• **EXERCISE AIM**: Taking the line with "Pink gold bracelet" as the first and the line with "Орхидея купить нижний" as the last, set down the lines below exactly, pictures excluded.

___ DATA EXTRACTS ___

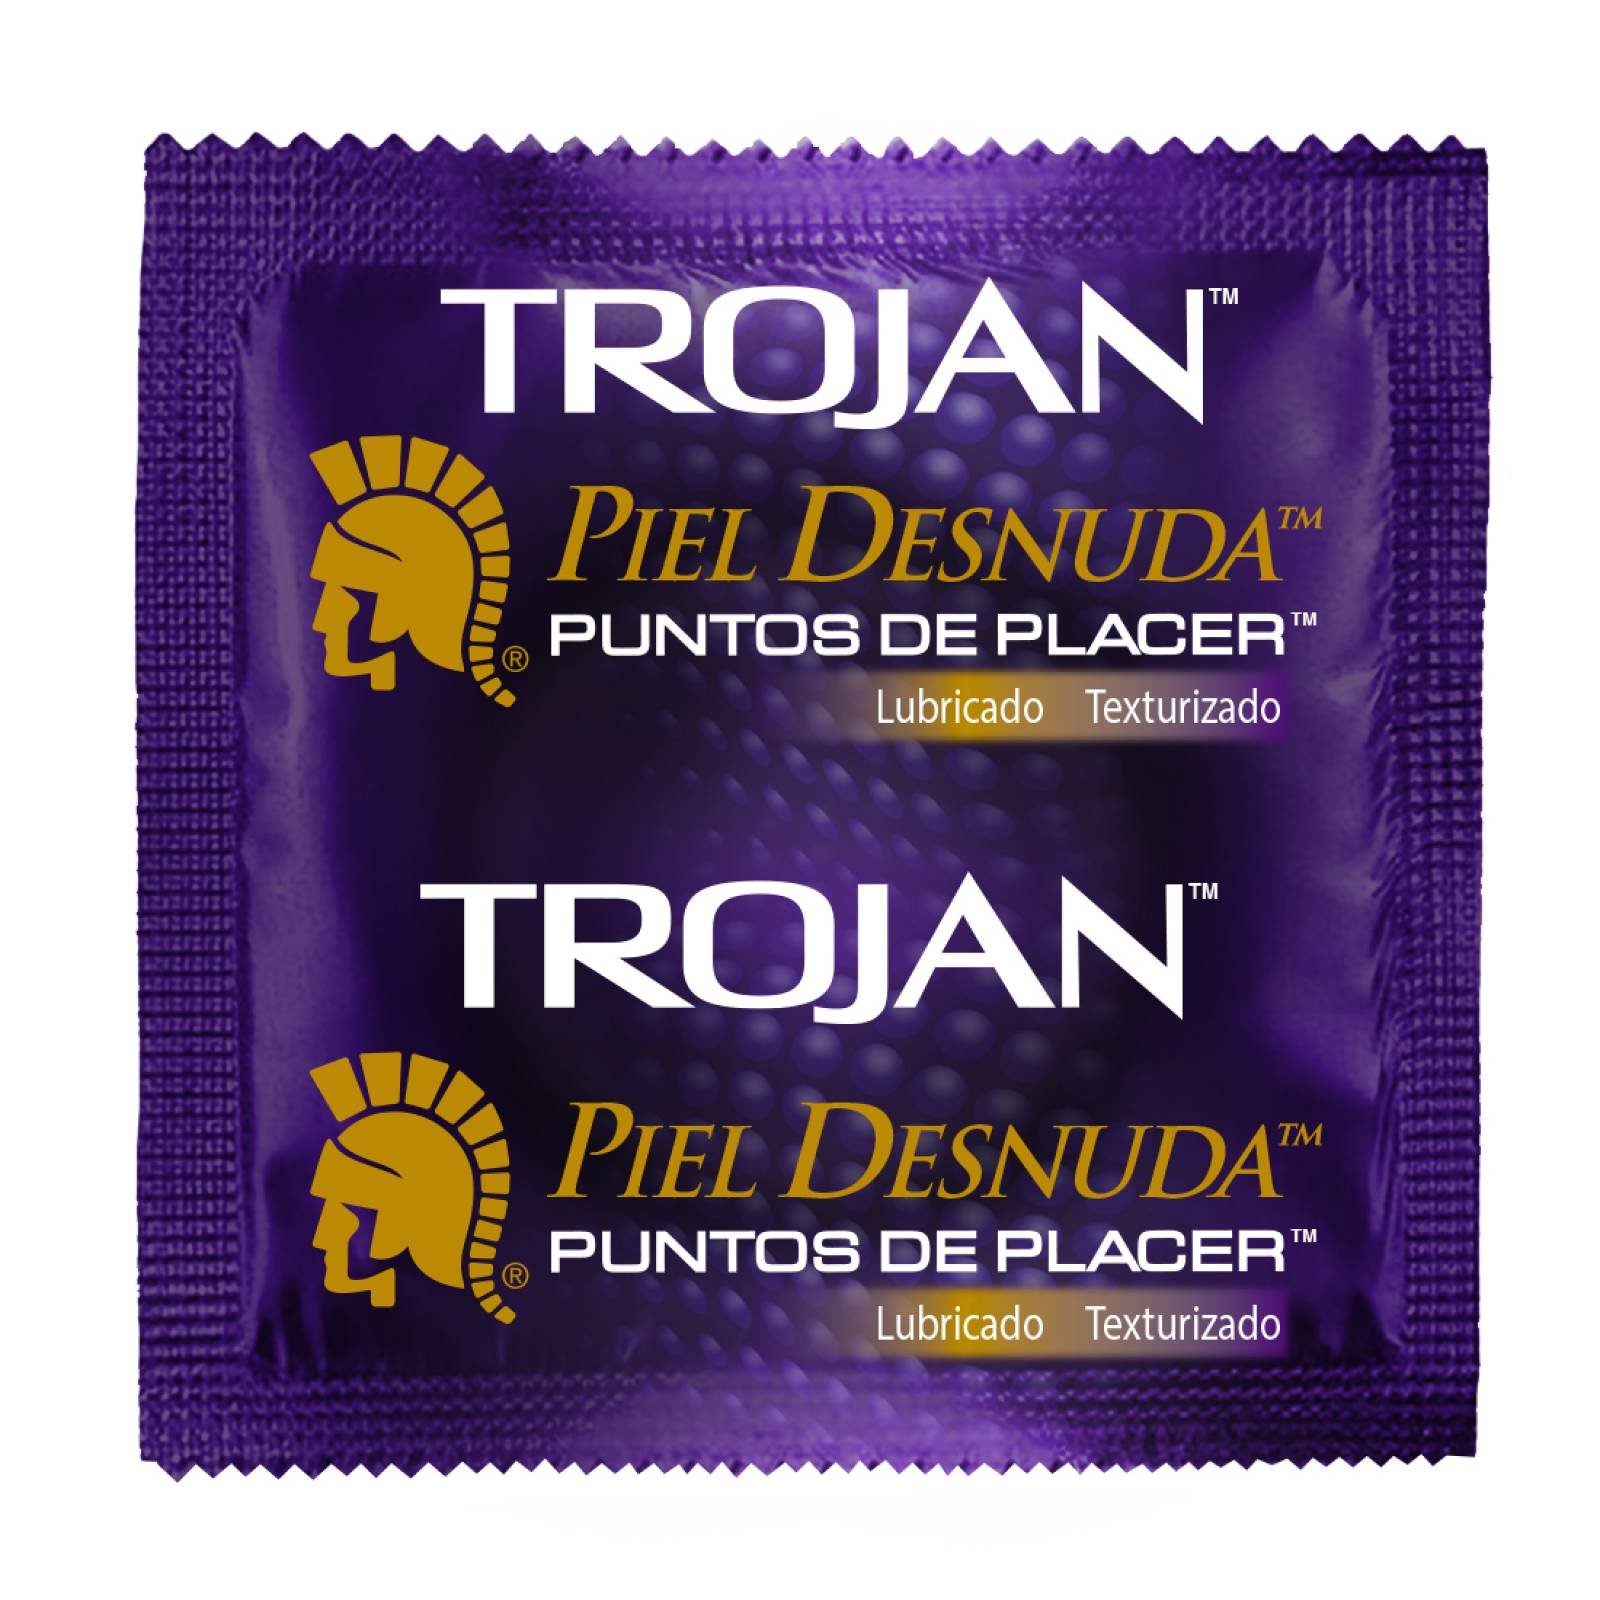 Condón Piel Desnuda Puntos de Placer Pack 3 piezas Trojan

___
___ DATA EXTRACTS ___

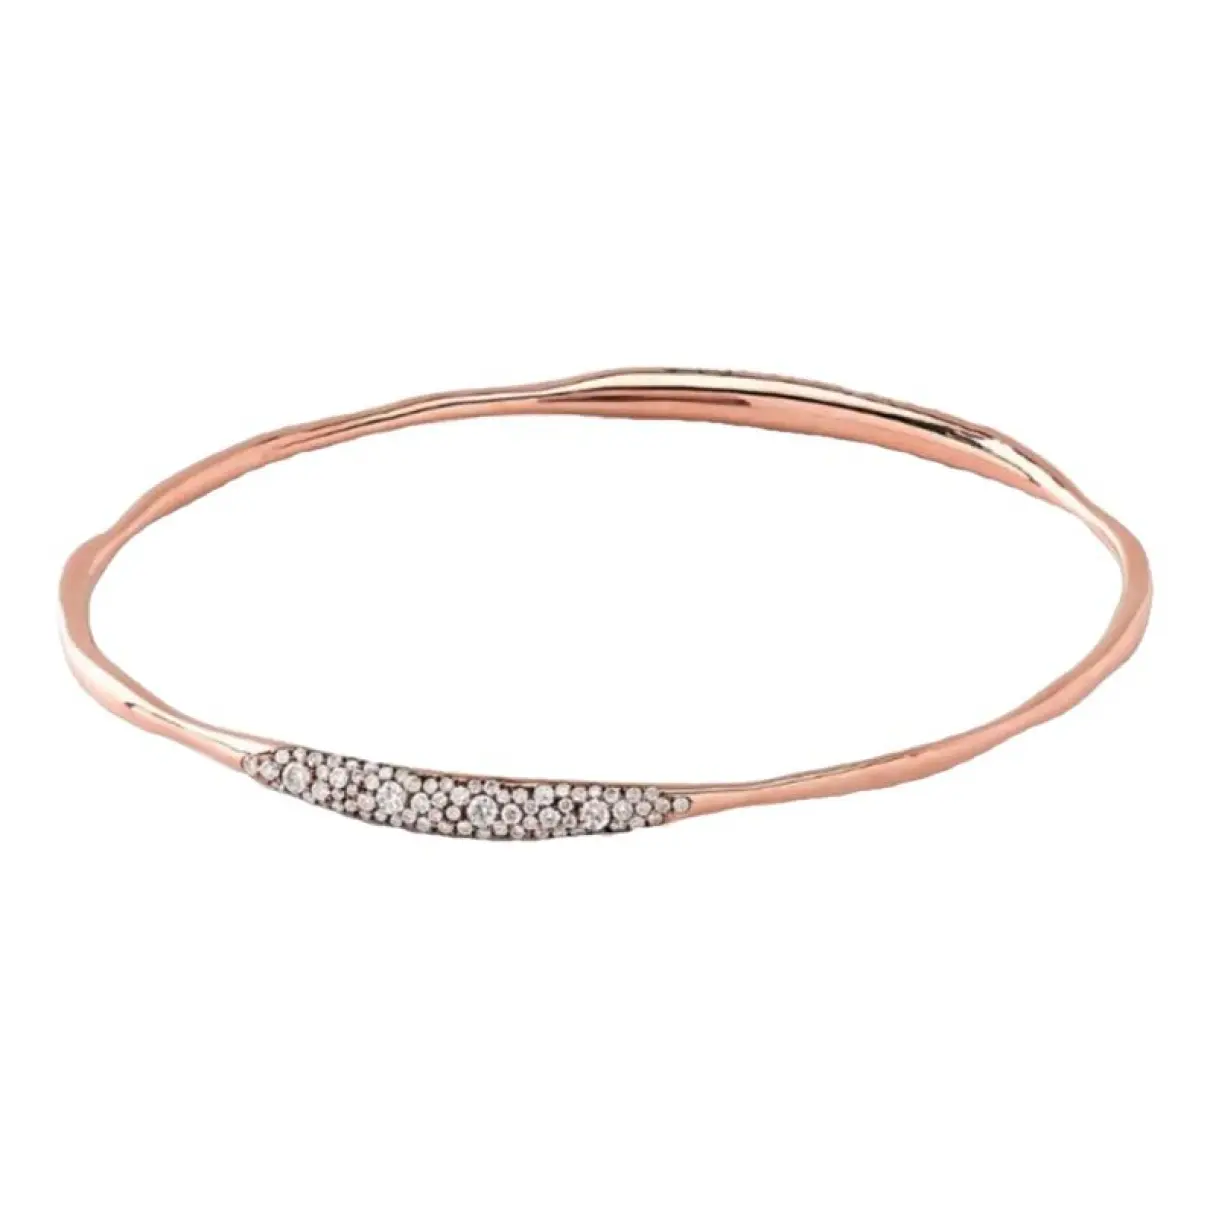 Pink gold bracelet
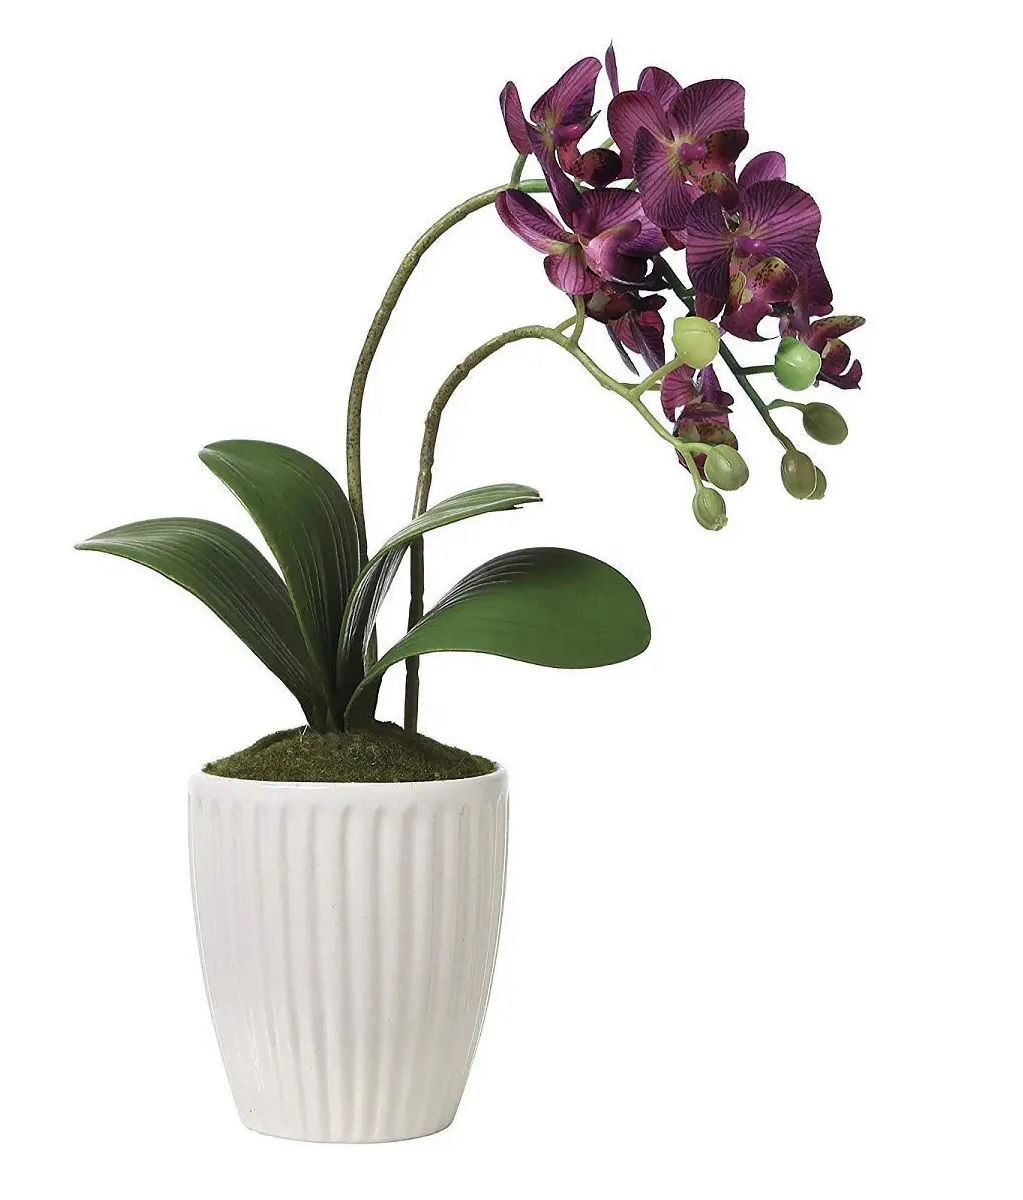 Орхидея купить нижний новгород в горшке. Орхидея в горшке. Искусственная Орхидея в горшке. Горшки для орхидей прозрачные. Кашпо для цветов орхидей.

___
___ DATA EXTRACTS ___

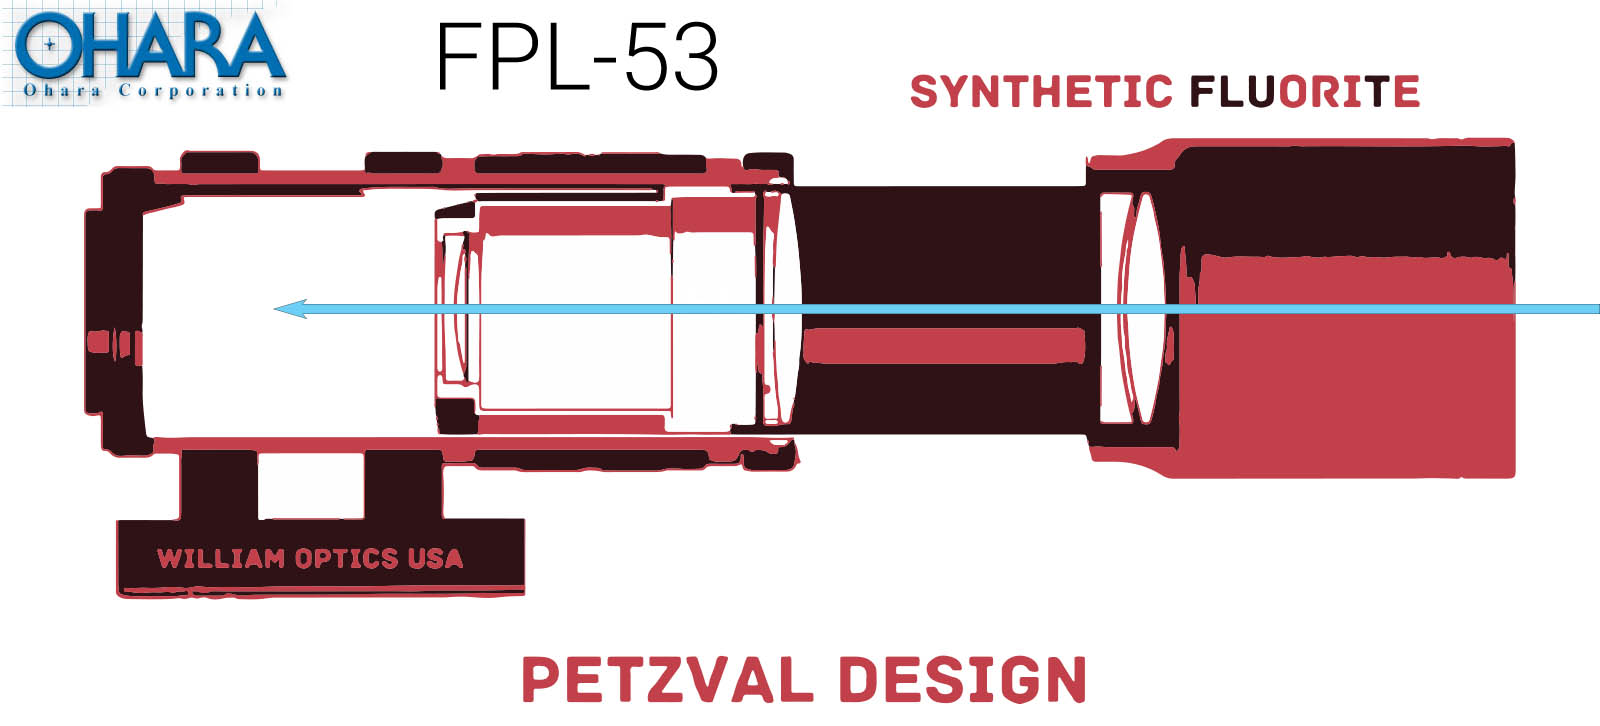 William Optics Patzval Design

___

• **WRITTEN RESPONSE**:
 Pink gold bracelet
 Орхидея купить нижний новгород в горшке. Орхидея в горшке. Искусственная Орхидея в горшке. Горшки для орхидей прозрачные. Кашпо для цветов орхидей.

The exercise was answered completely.